From stdpp Require Import tactics telescopes.

Local Unset Mangle Names. (* for stable goal printing *)

Section universes.
(** This test would fail without [Unset Universe Minimization ToSet] in [telescopes.v]. *)
Lemma texist_exist_universes (X : Type) (P : TeleS (λ _ : X, TeleO) → Prop) :
  texist P ↔ ex P.
Proof. by rewrite texist_exist. Qed.

(** [tele_arg t] should live at the same universe
as the types inside of [t] because [tele_arg t]
is essentially just a (dependent) product.
 *)
Definition no_bump@{u} (t : tele@{u}) : Type@{u} := tele_arg@{u} t.

(* Assert that telescopes are cumulatively universe polymorphic.
   See https://gitlab.mpi-sws.org/iris/iris/-/issues/461
 *)
Section cumulativity.
Monomorphic Universes Quant local.
Monomorphic Constraint local < Quant.
Example cumul (t : tele@{local}) : tele@{Quant} := t.
End cumulativity.
End universes.

Section accessor.
(* This is like Iris' accessors, but in Prop.  Just to play with telescopes. *)
Definition accessor {X : tele} (α β γ : X → Prop) : Prop :=
  ∃.. x, α x ∧ (β x → γ x).

(* Working with abstract telescopes. *)
Section tests.
Context {X : tele}.
Implicit Types α β γ : X → Prop.

Lemma acc_mono α β γ1 γ2 :
  (∀.. x, γ1 x → γ2 x) →
  accessor α β γ1 → accessor α β γ2.
Proof.
  unfold accessor. rewrite tforall_forall, !texist_exist.
  intros Hγ12 Hacc. destruct Hacc as [x' [Hα Hclose]]. exists x'.
  split; [done|]. intros Hβ. apply Hγ12, Hclose. done.
Qed.

Lemma acc_mono_disj α β γ1 γ2 :
  accessor α β γ1 → accessor α β (λ.. x, γ1 x ∨ γ2 x).
Proof.
  Show.
  apply acc_mono.
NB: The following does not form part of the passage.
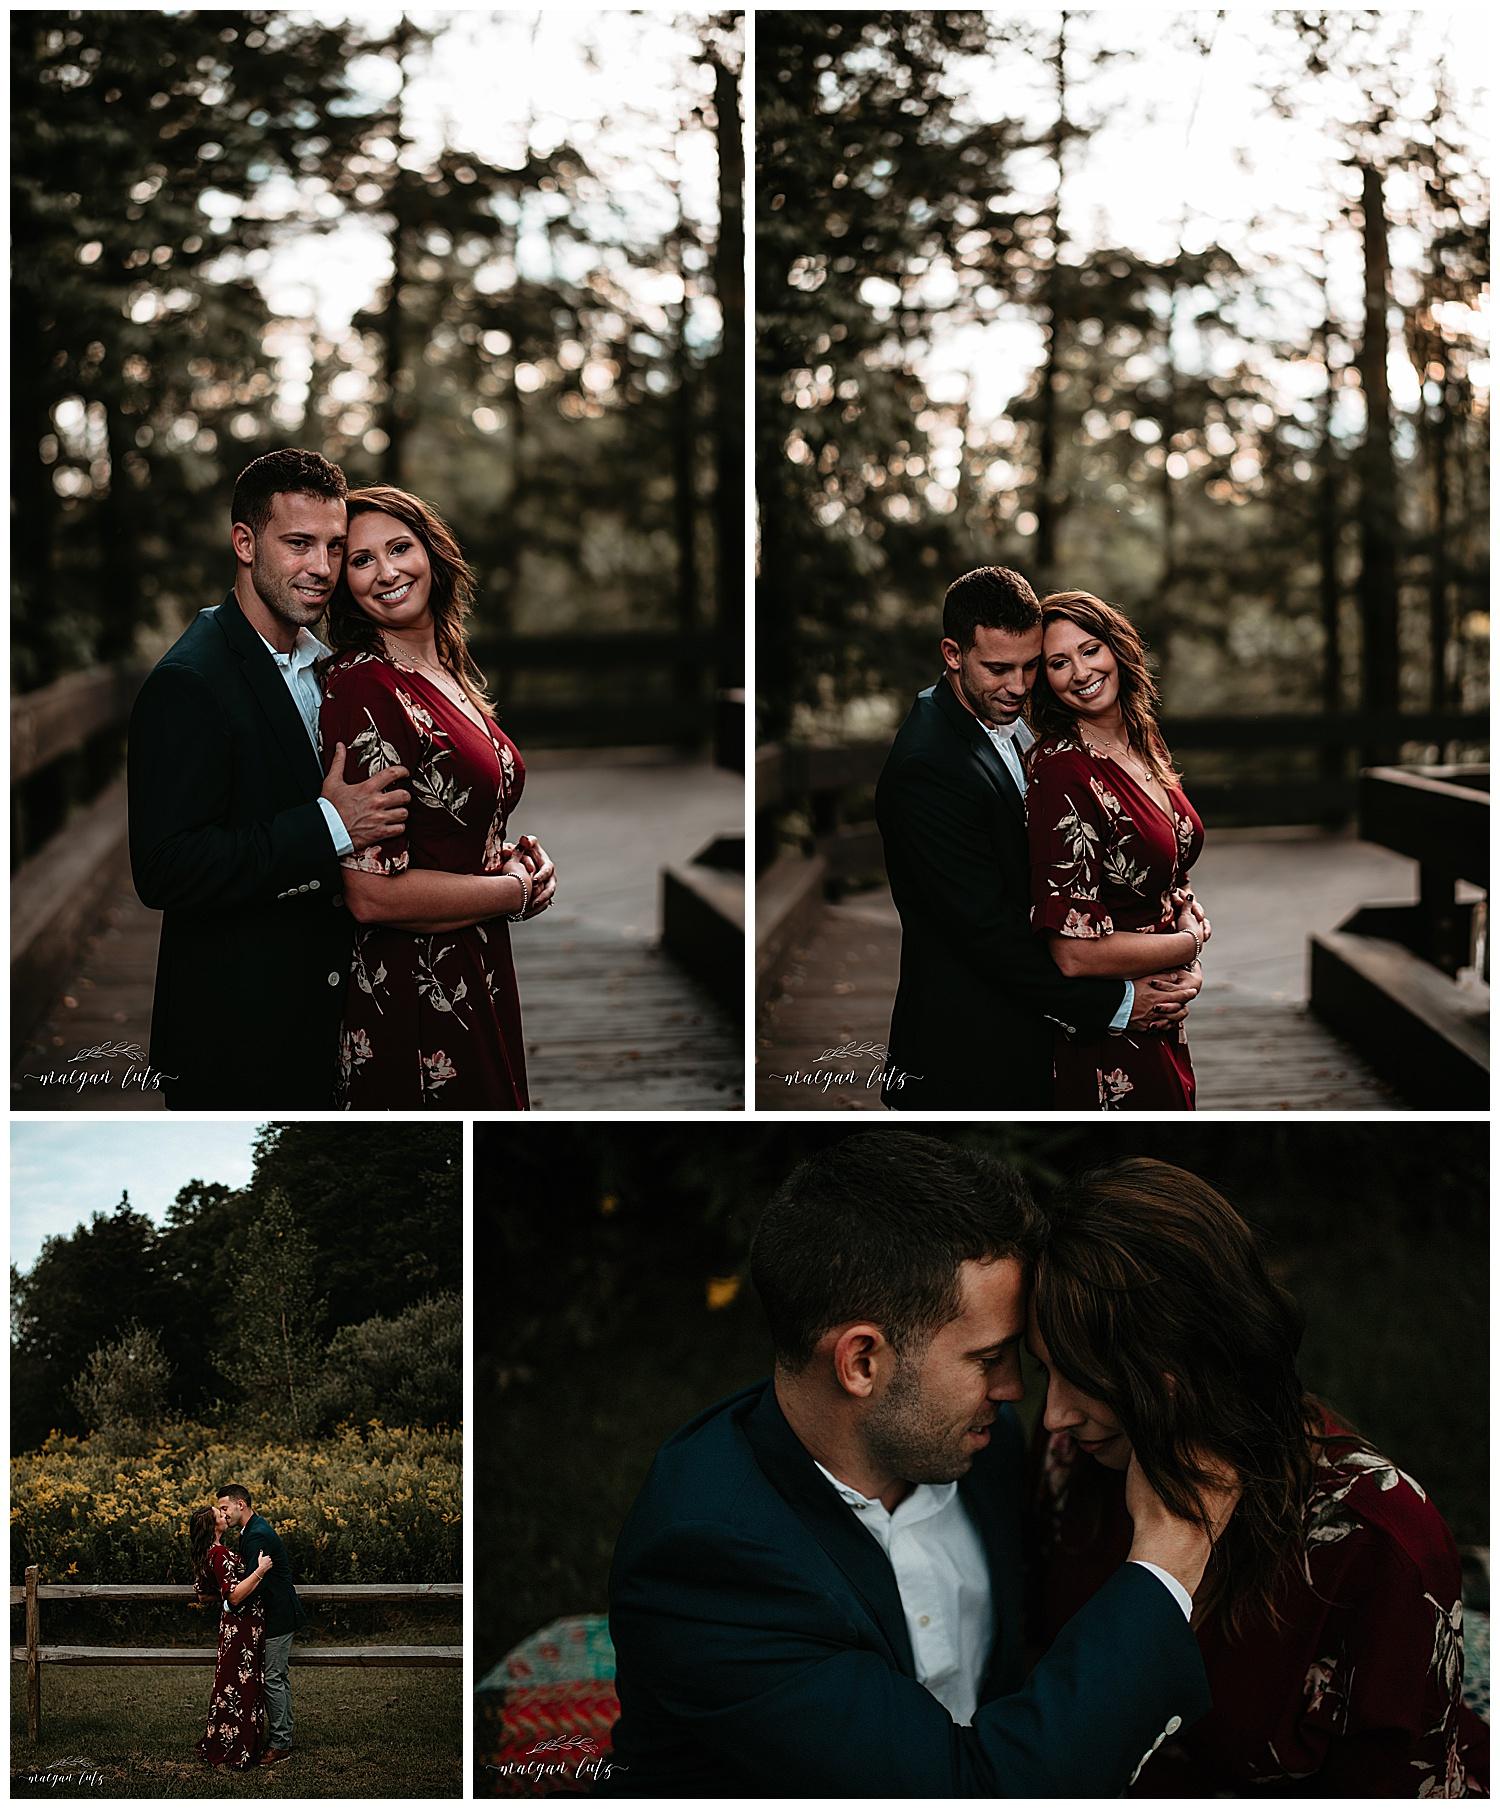 NEPA-Bloomgsburg-Wedding-Photographer-in-the-Lehigh-Valley_0024.jpg

Show.
  rewrite tforall_forall. intros x Hγ. rewrite tele_app_bind. Show.
  left. done.
Qed.
End tests.
End accessor.

(* Type inference for tele_app-based notation.
(Relies on [&] bidirectionality hint of tele_app.) *)
Definition test {TT : tele} (t : TT → Prop) : Prop :=
  ∀.. x, t x ∧ t x.
Notation "'[TEST'  x .. z ,  P ']'" :=
  (test (TT:=(TeleS (fun x => .. (TeleS (fun z => TeleO)) ..)))
        (tele_app (λ x, .. (λ z, P) ..)))
  (x binder, z binder).
Check [TEST (x y : nat), x = y].

(** [tele_arg ..] notation tests.
    These tests mainly test type annotations and casts in the [tele_arg]
    notations.
    We test that Coq can typecheck literal telescope arguments in two ways:
    - tactic unification/old unification using [exact]
    - evarconv/new unification using [refine]
 *)
Example tele_arg_notation_0 : [tele].
assert_succeeds exact [tele_arg].
assert_succeeds refine [tele_arg].
Abort.

Example tele_arg_notation_1 : [tele (_:nat)].
assert_succeeds exact [tele_arg 0].
assert_succeeds refine [tele_arg 0].
Abort.

Example tele_arg_notation_2 : [tele (_ : bool) (_ : nat)].
assert_succeeds exact [tele_arg true; 0].
assert_succeeds refine [tele_arg true; 0].
Abort.

Example tele_arg_notation_2_dep : [tele (b : bool) (_ : if b then nat else False)].
assert_succeeds exact [tele_arg true; 0].
assert_succeeds refine [tele_arg true; 0].
Abort.